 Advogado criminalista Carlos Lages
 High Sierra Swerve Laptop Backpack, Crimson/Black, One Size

--

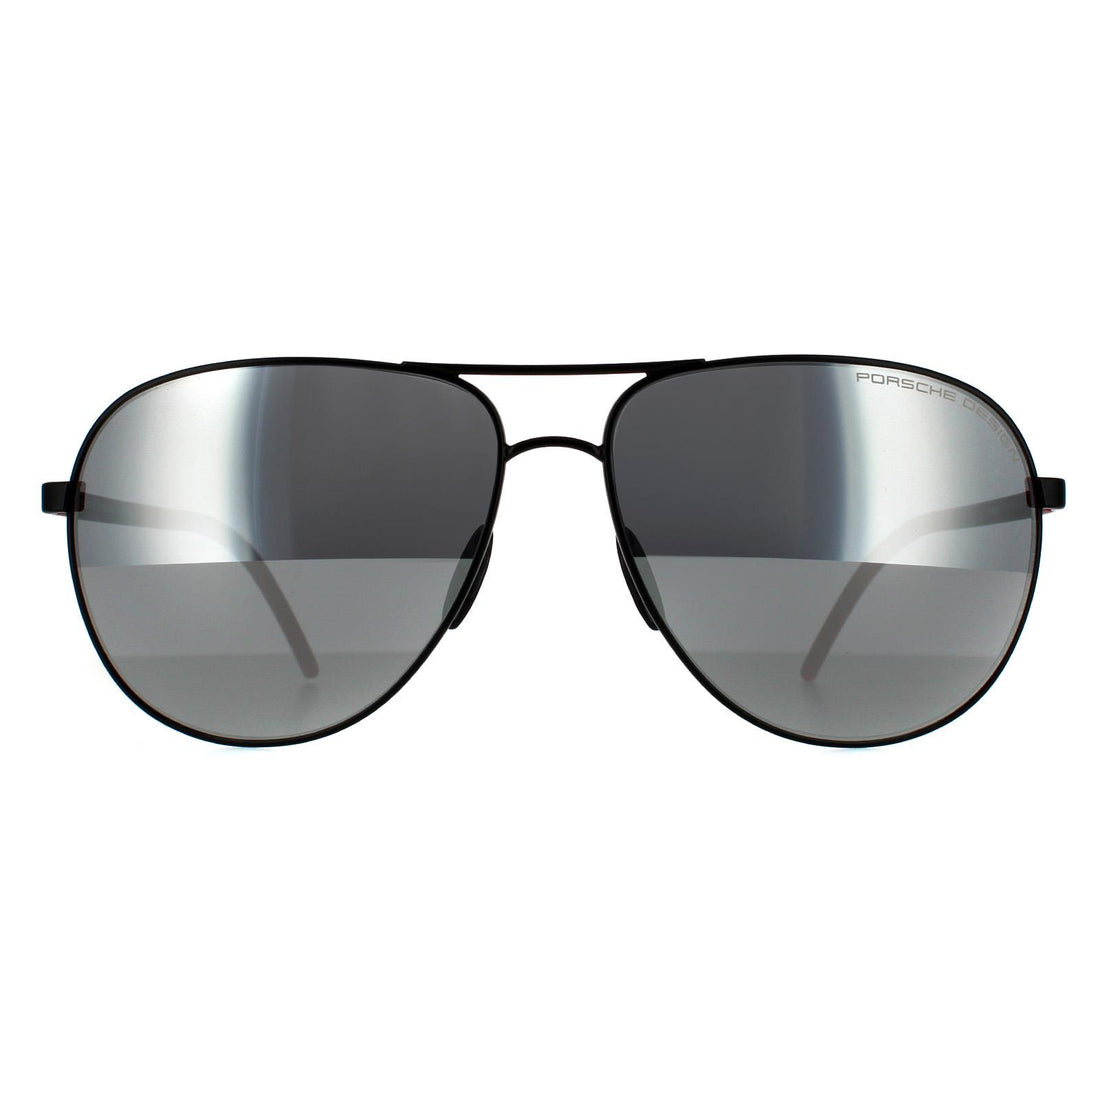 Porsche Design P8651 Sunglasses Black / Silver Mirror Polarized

* * *

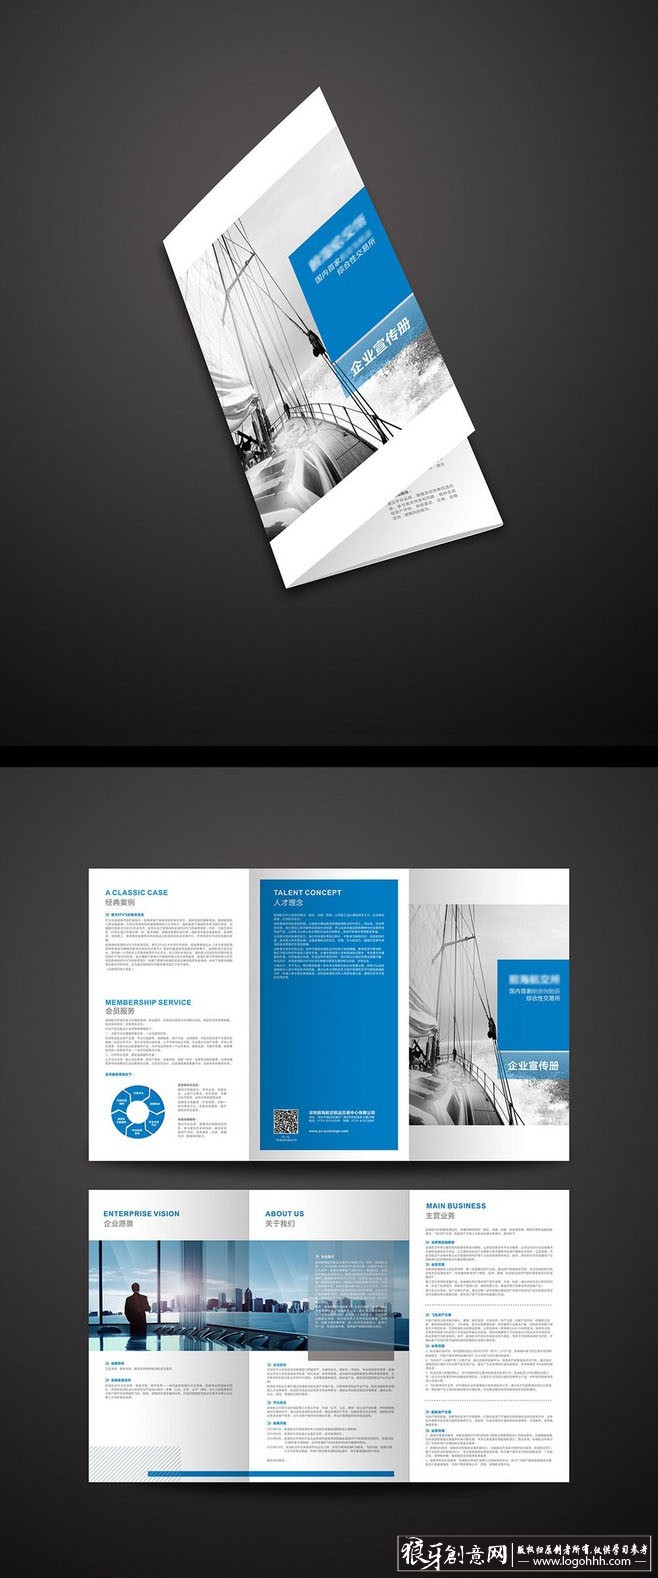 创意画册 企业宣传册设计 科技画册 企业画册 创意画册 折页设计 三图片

Task instructions
Starting at the line with "Advogado criminalista Carlos Lages" and ending at the line with "High Sierra Swerve", print each line of the listing above exactly, with no other lines.

Response to this task
 Advogado criminalista Carlos Lages
 High Sierra Swerve Laptop Backpack, Crimson/Black, One Size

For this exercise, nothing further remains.